__YOUR GOAL__:
In the data below, find the line containing "キラキラ/魔法/詠唱/回復の未再生の波形"; transcribe it and each line after it exactly, through the last, skipping pictures.

__INPUT DATA__:
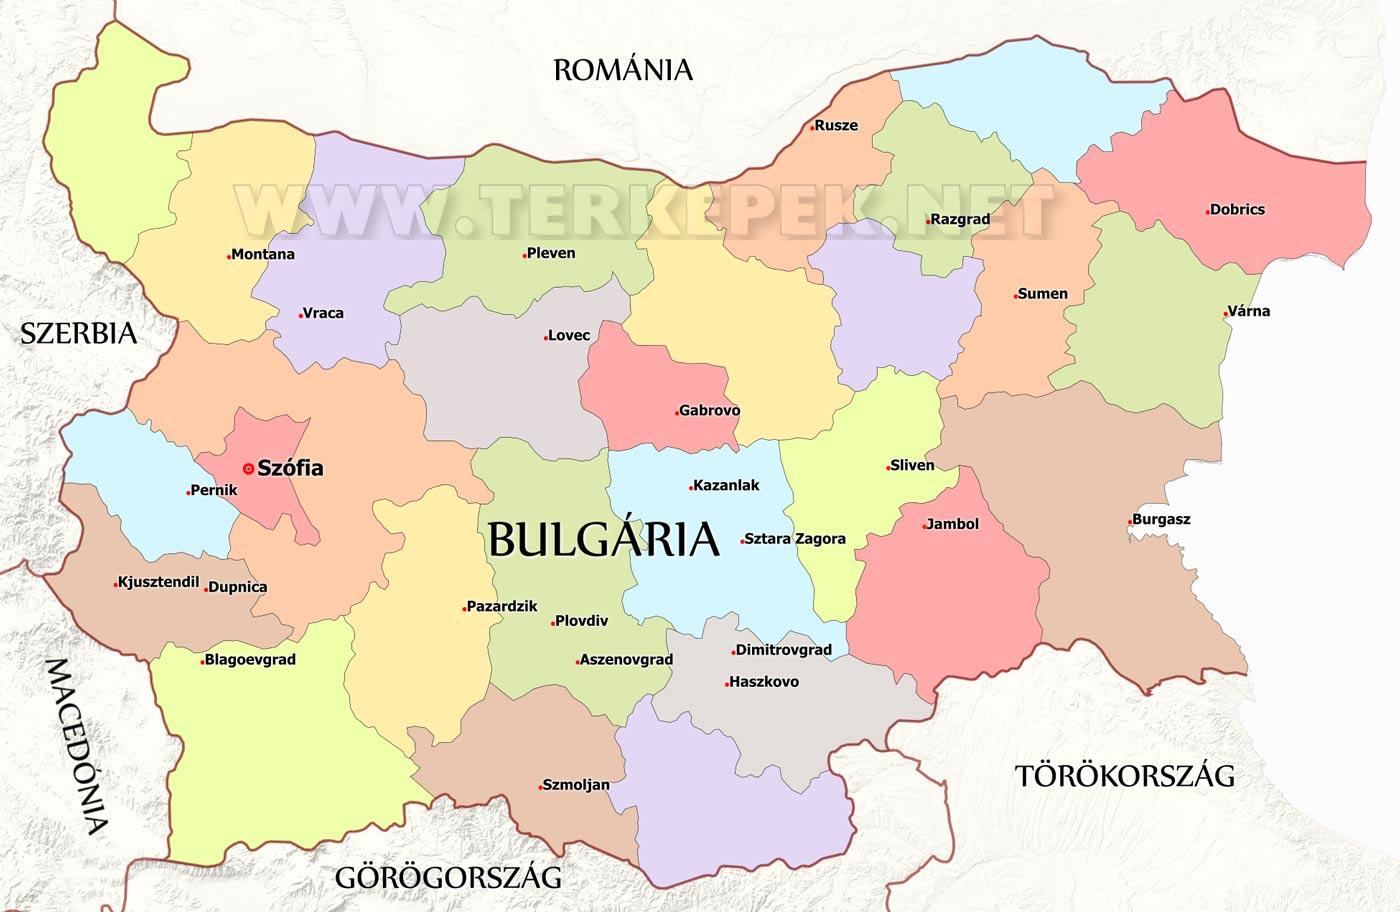 magyarország bulgária térkép Bulgária térképek magyarország bulgária térkép
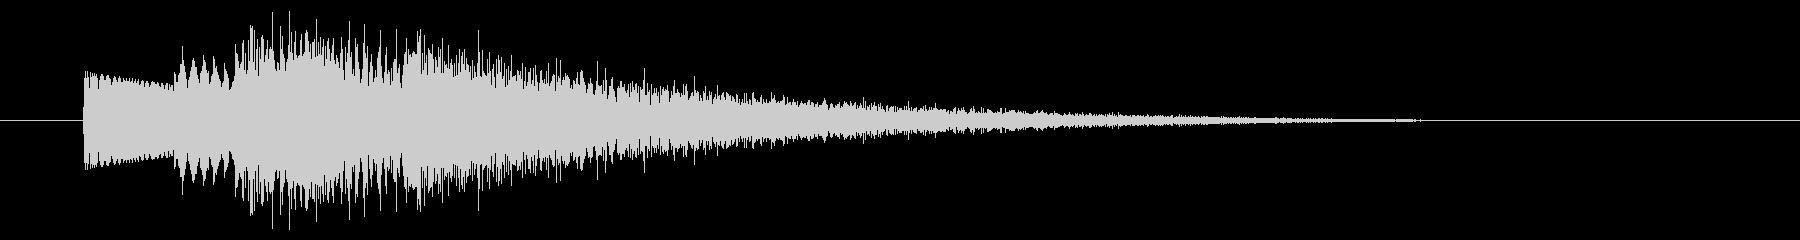 キラキラ/魔法/詠唱/回復の未再生の波形
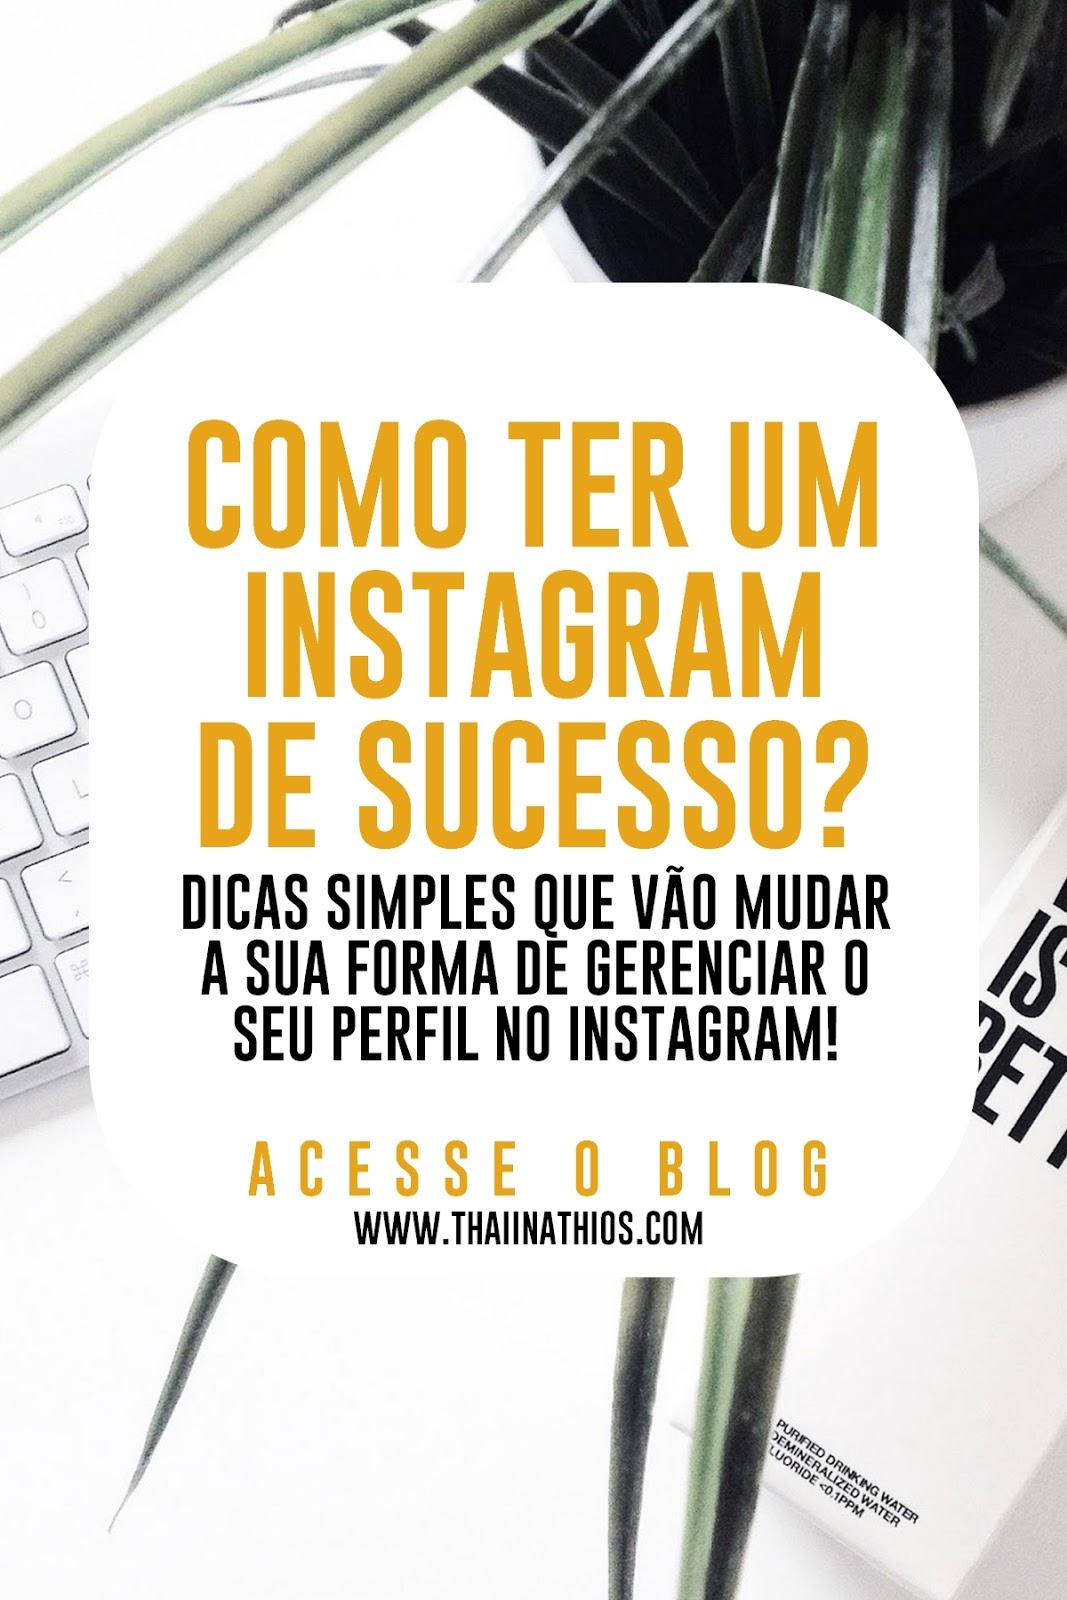 Como ter um Instagram de Sucesso?

__YOUR RESPONSE__:
 キラキラ/魔法/詠唱/回復の未再生の波形
 Como ter um Instagram de Sucesso?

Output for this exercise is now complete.